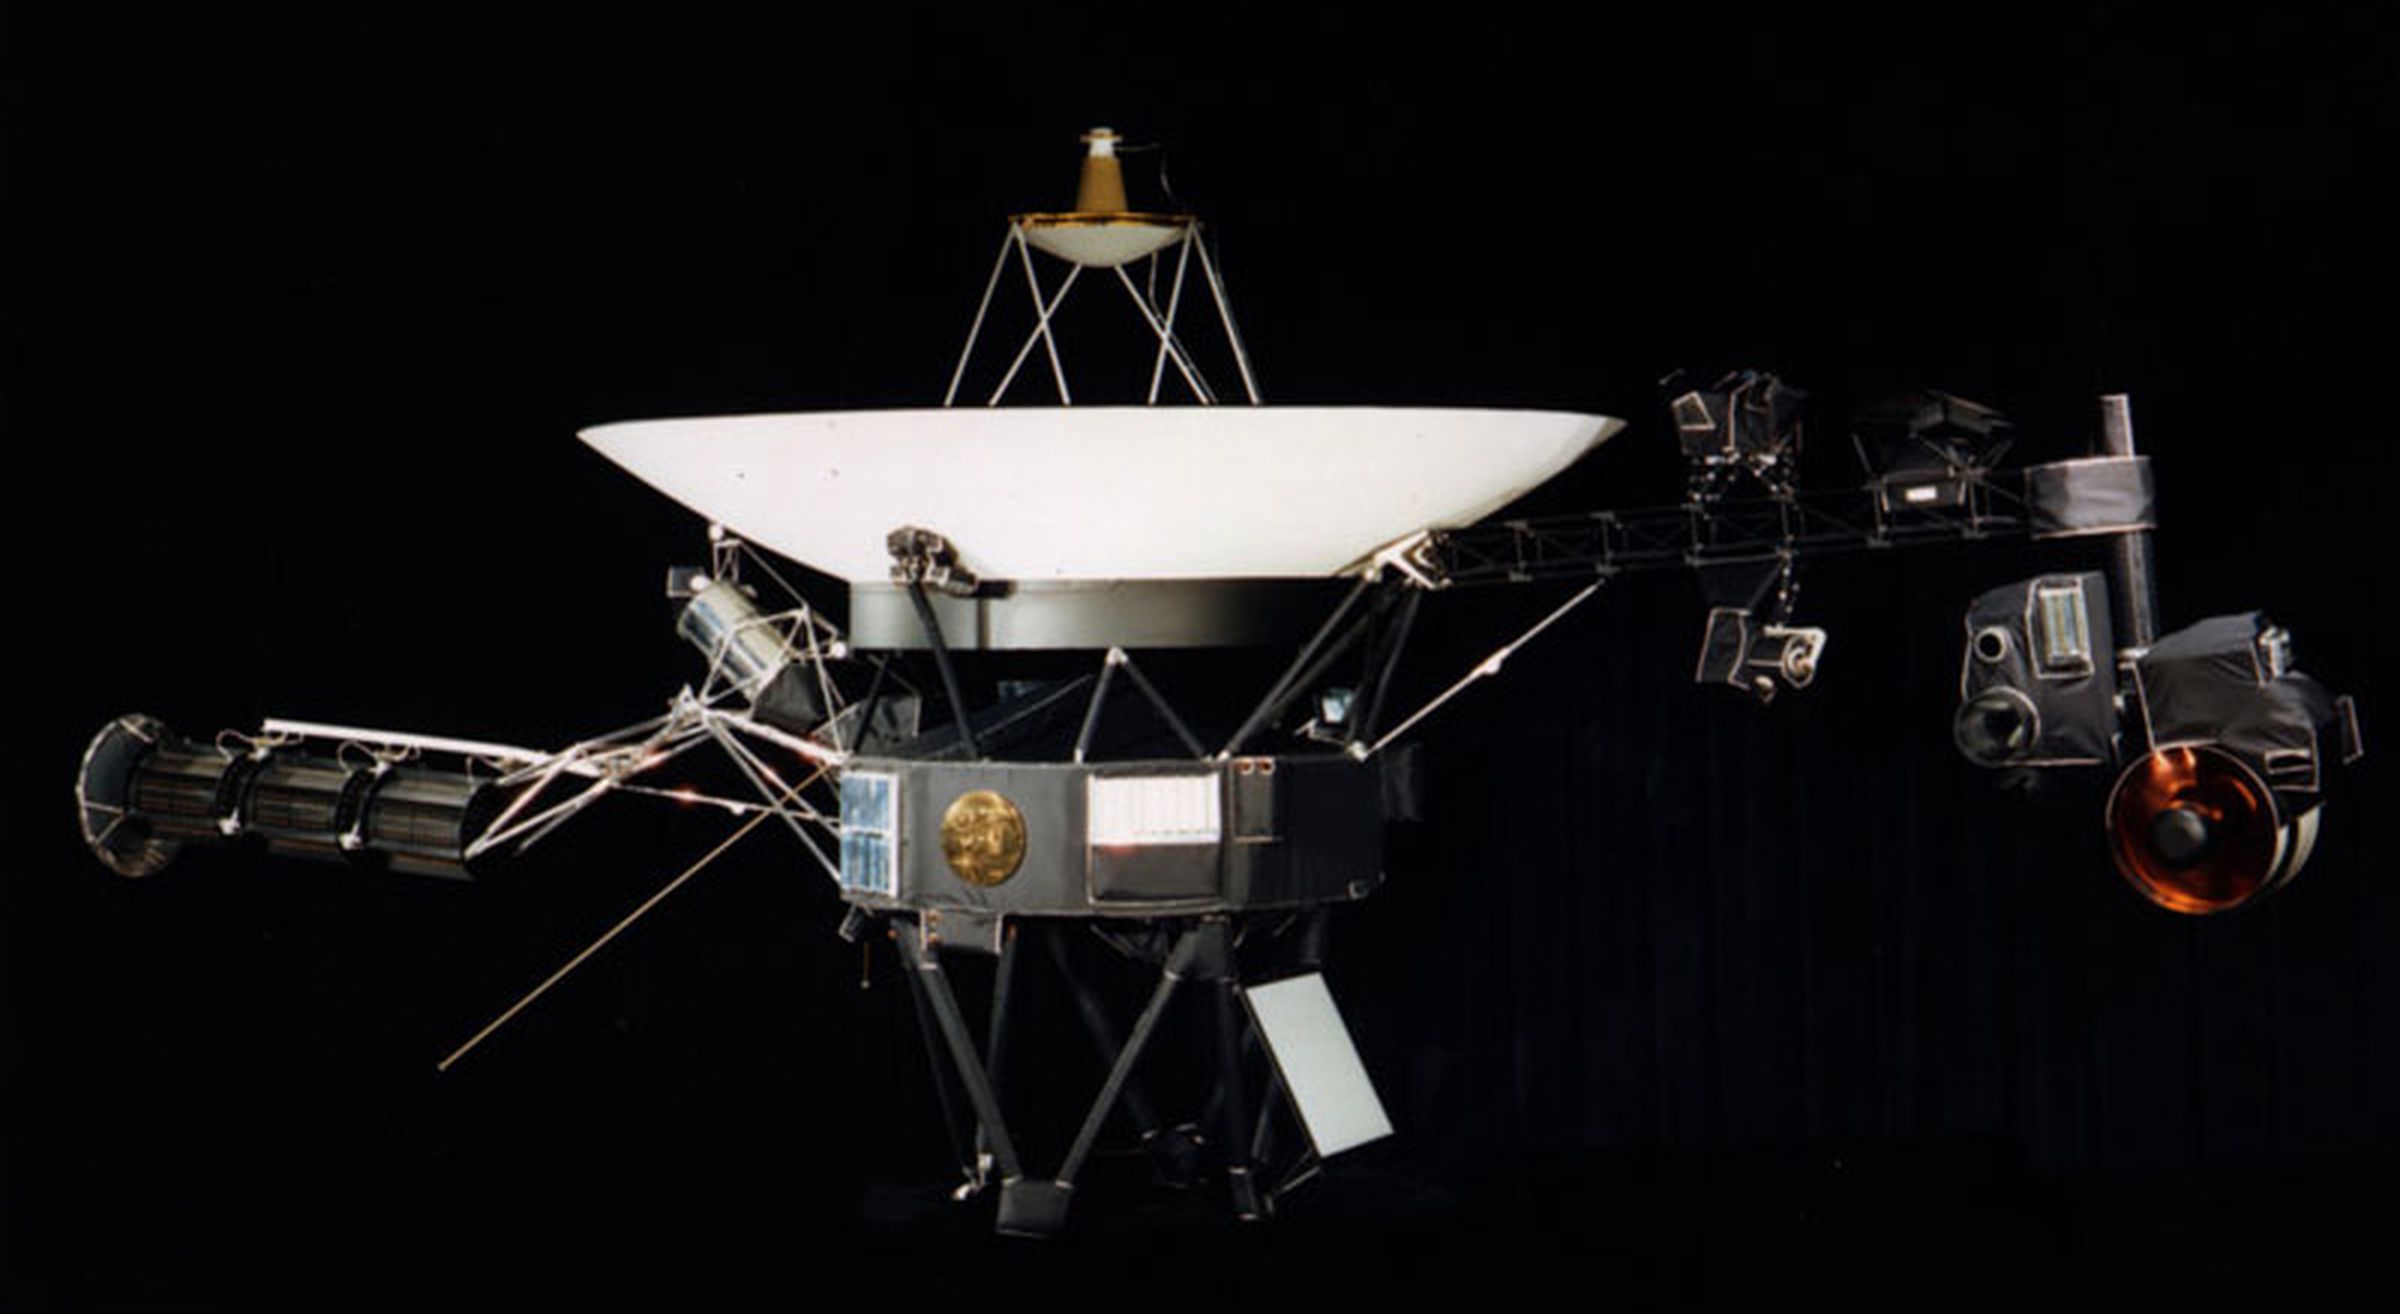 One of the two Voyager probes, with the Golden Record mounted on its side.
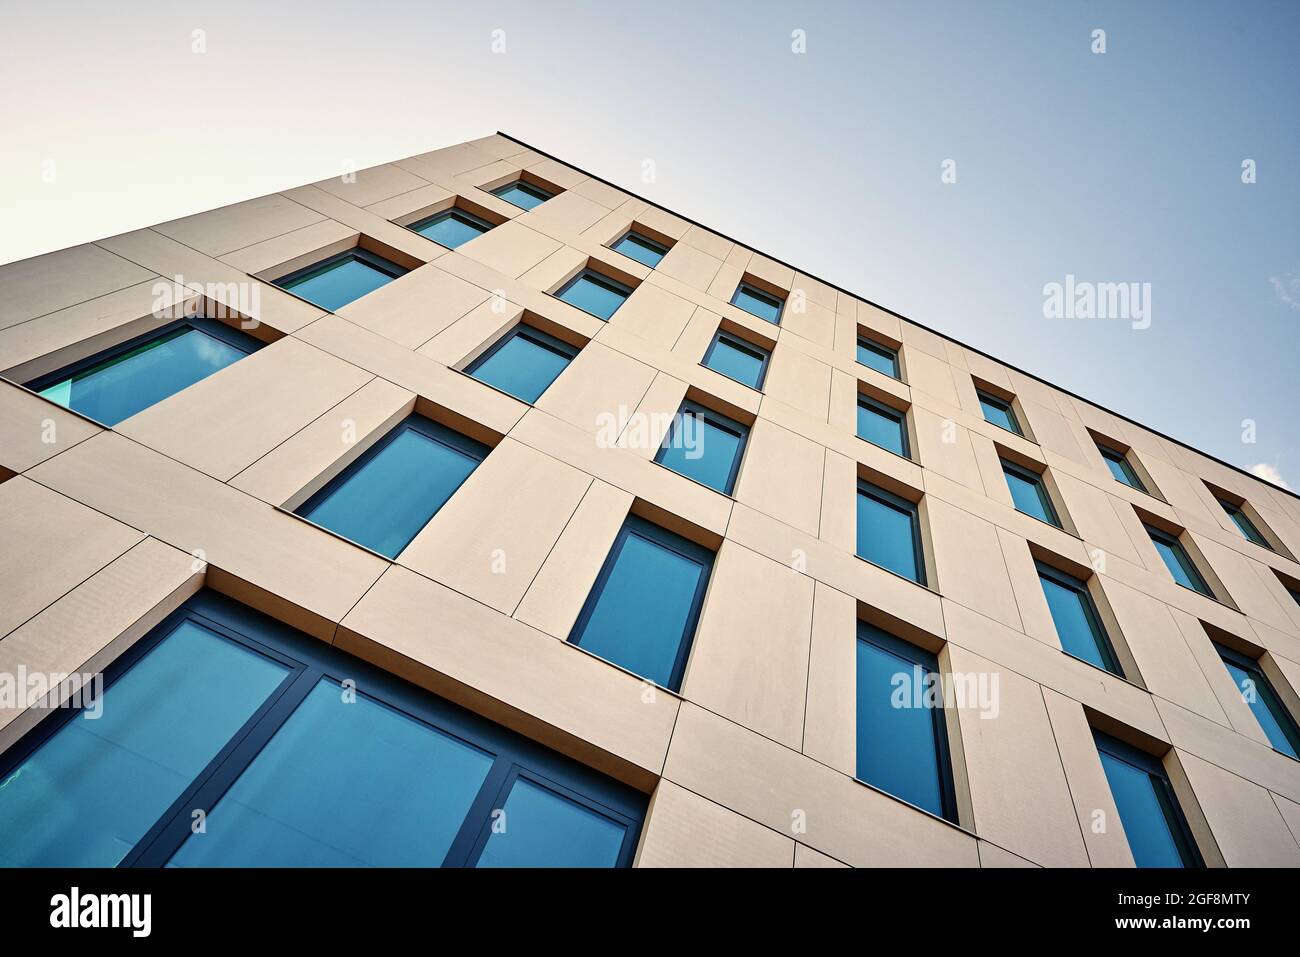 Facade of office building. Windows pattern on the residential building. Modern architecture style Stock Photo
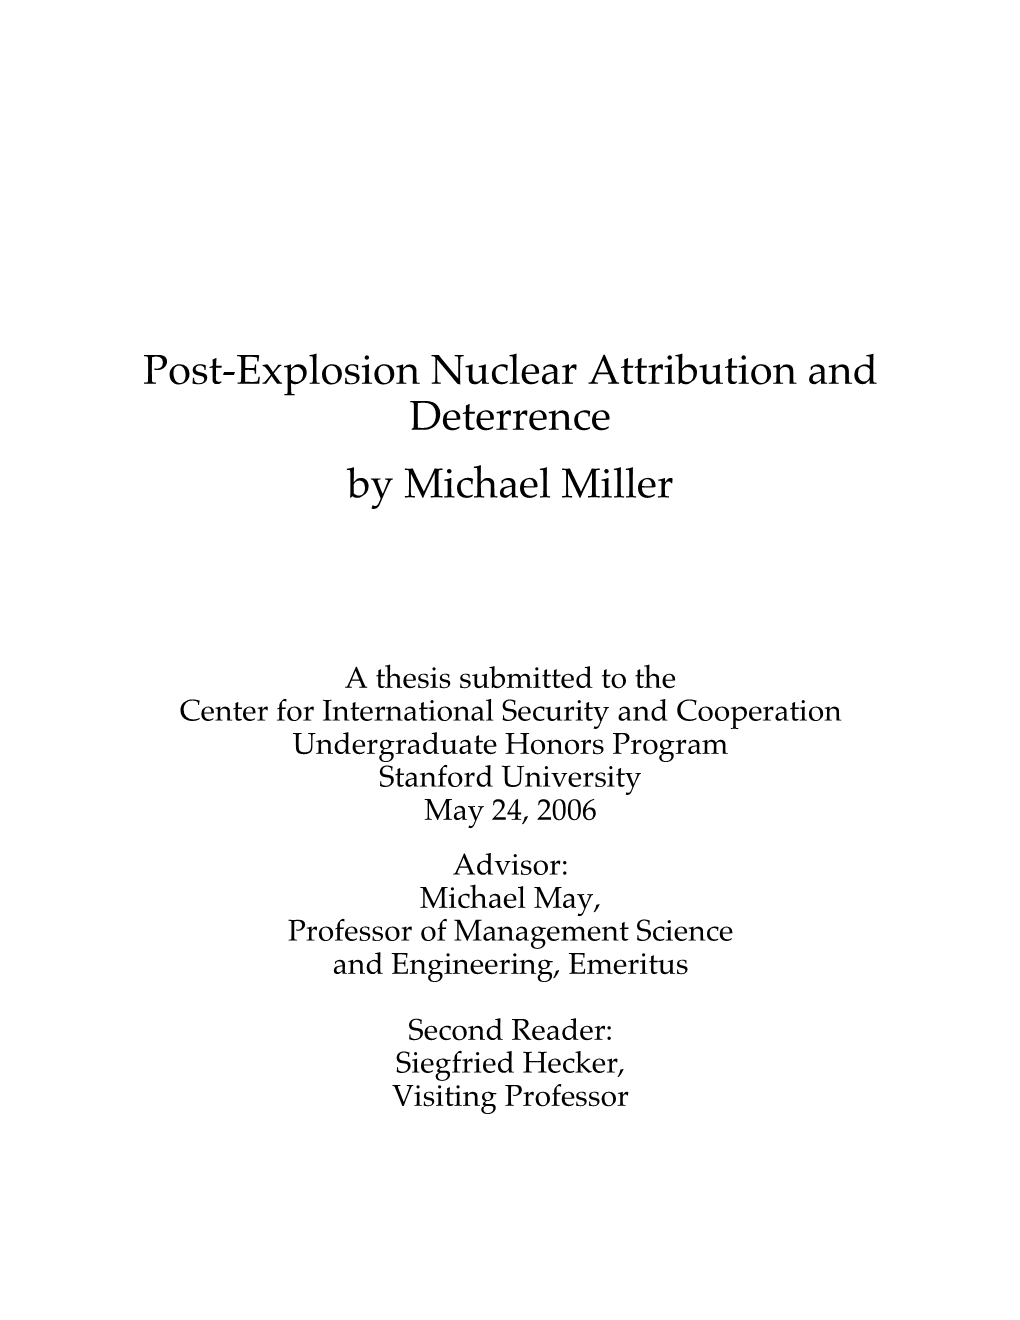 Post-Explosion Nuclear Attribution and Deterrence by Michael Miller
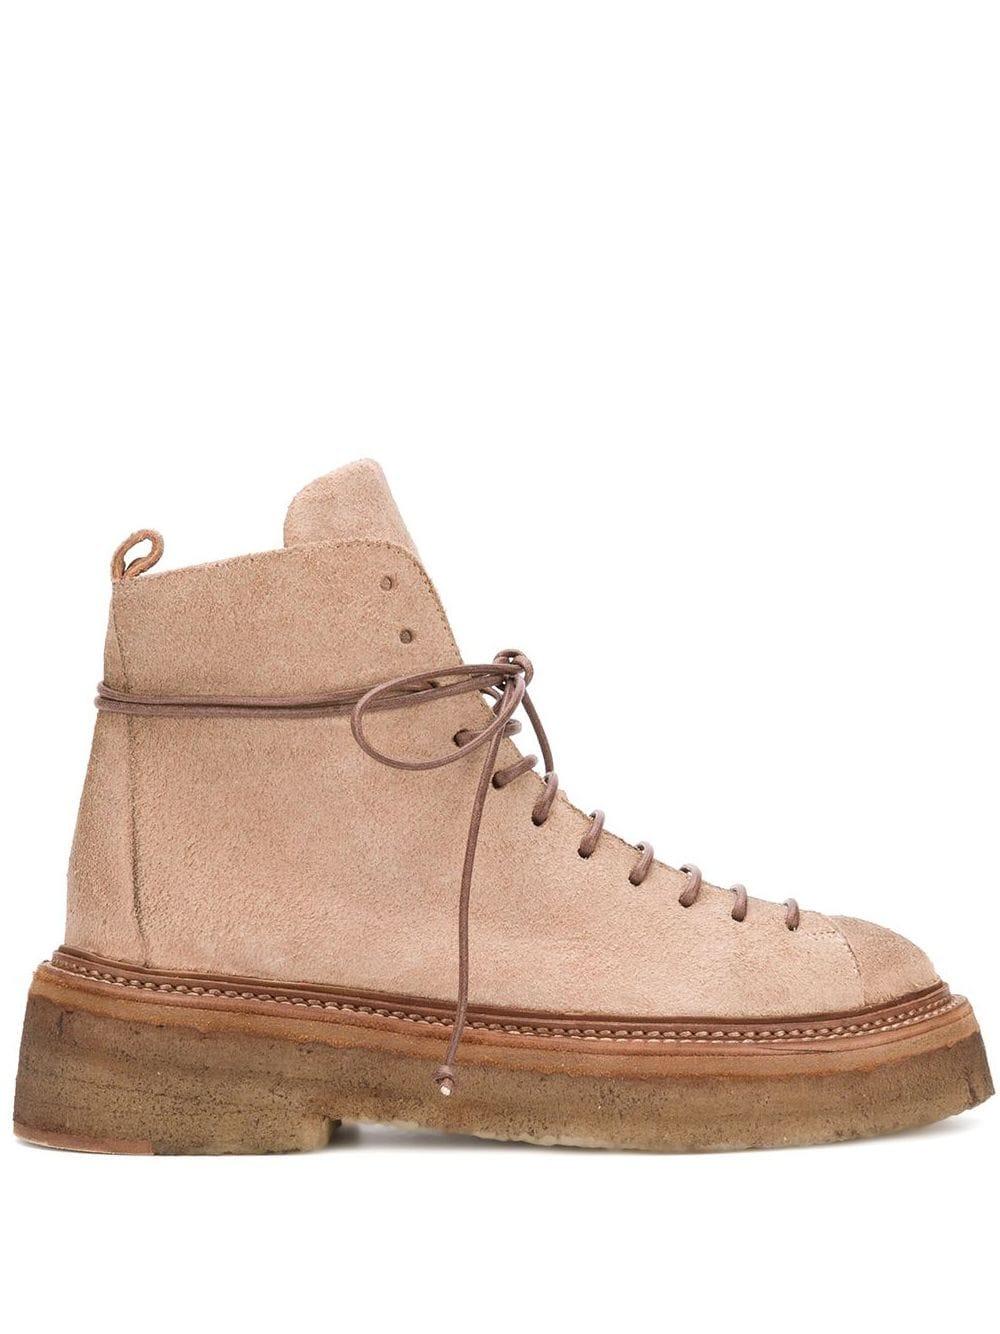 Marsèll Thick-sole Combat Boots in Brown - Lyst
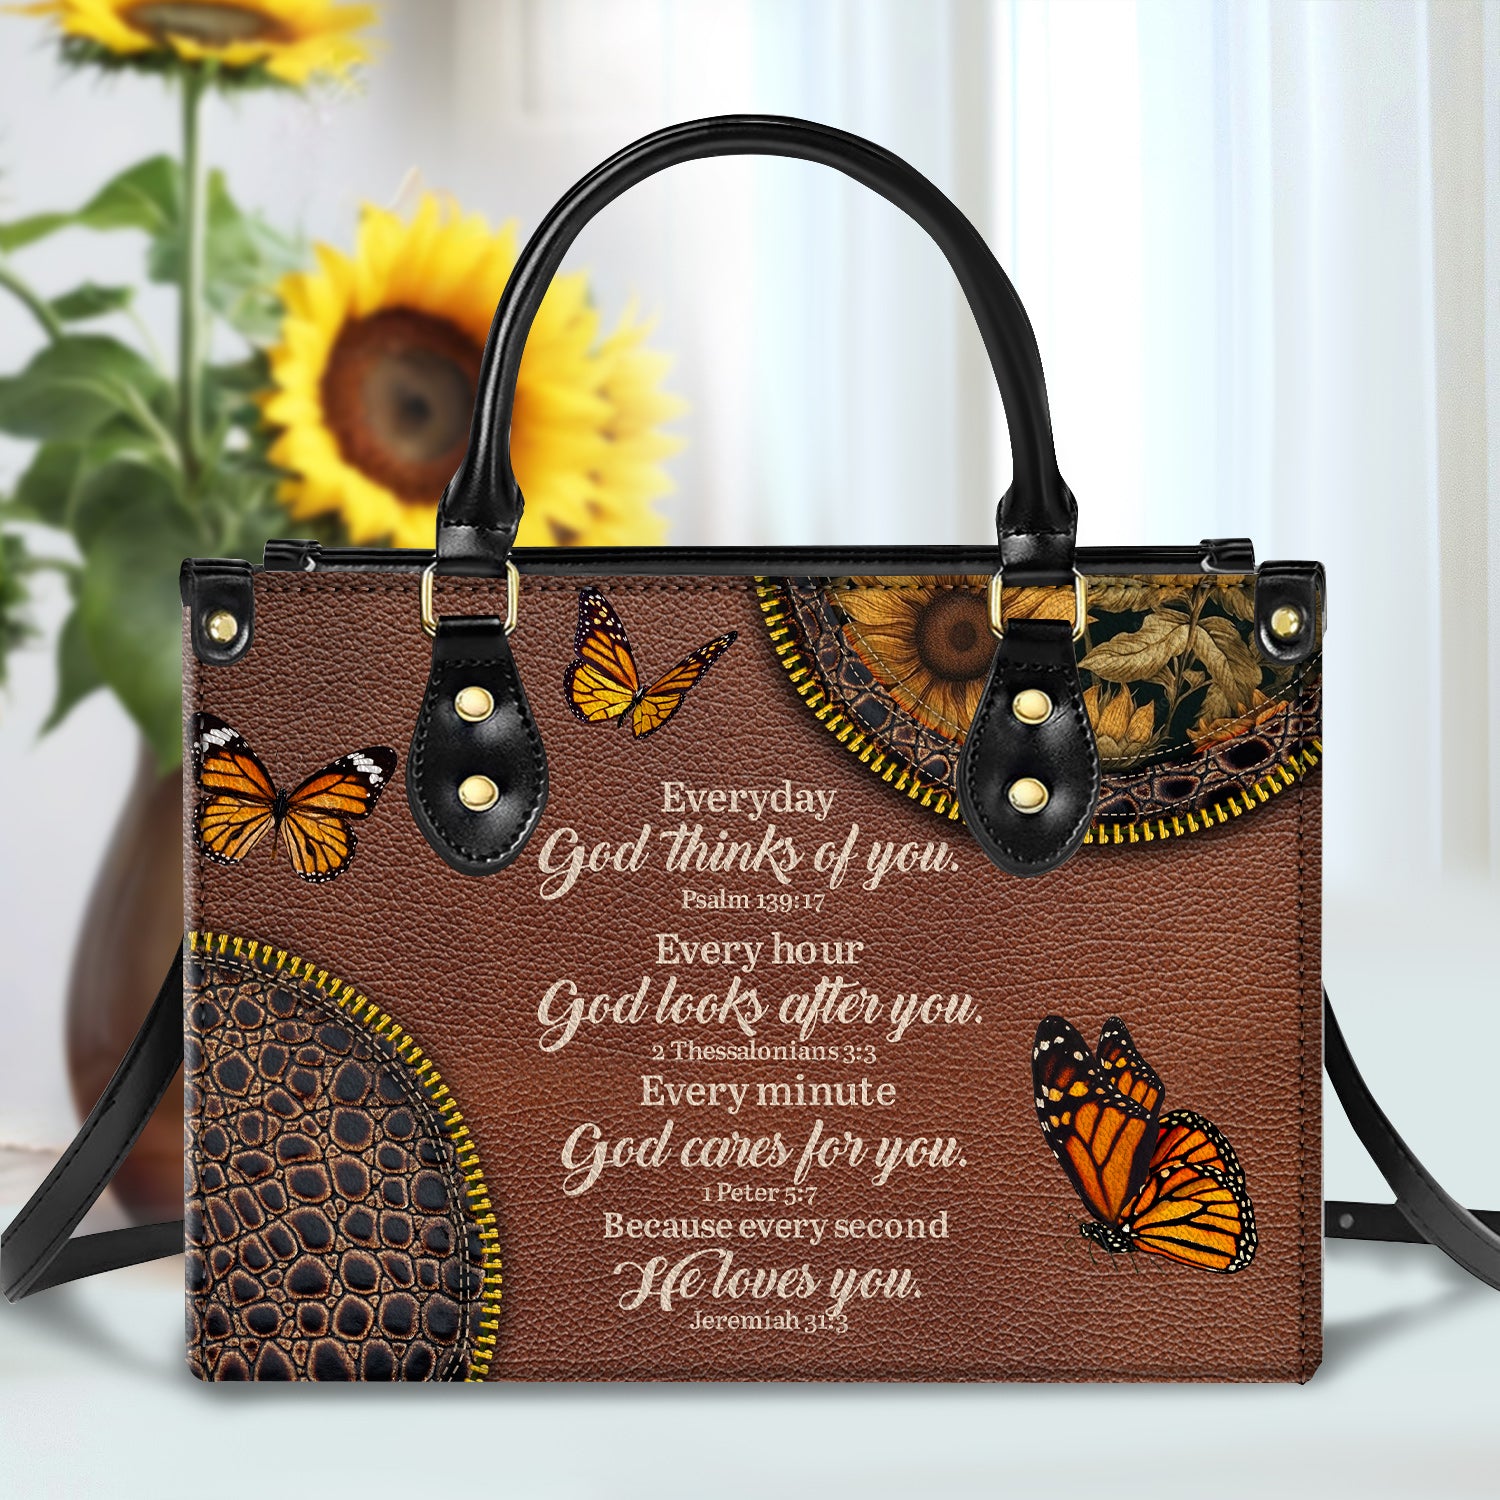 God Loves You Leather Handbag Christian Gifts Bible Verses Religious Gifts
◇ ◇ ◇
_ABOUT THIS EXERCISE_: Please copy, exactly as written, the lines from the one that contains "Post-Explosion Nuclear Attribution" through the end of the records, both ends included. Do not include the pictures.

_SOLUTION TO THE PROBLEM_:
 Post-Explosion Nuclear Attribution and Deterrence by Michael Miller
 Marsèll Thick-sole Combat Boots in Brown - Lyst
 God Loves You Leather Handbag Christian Gifts Bible Verses Religious Gifts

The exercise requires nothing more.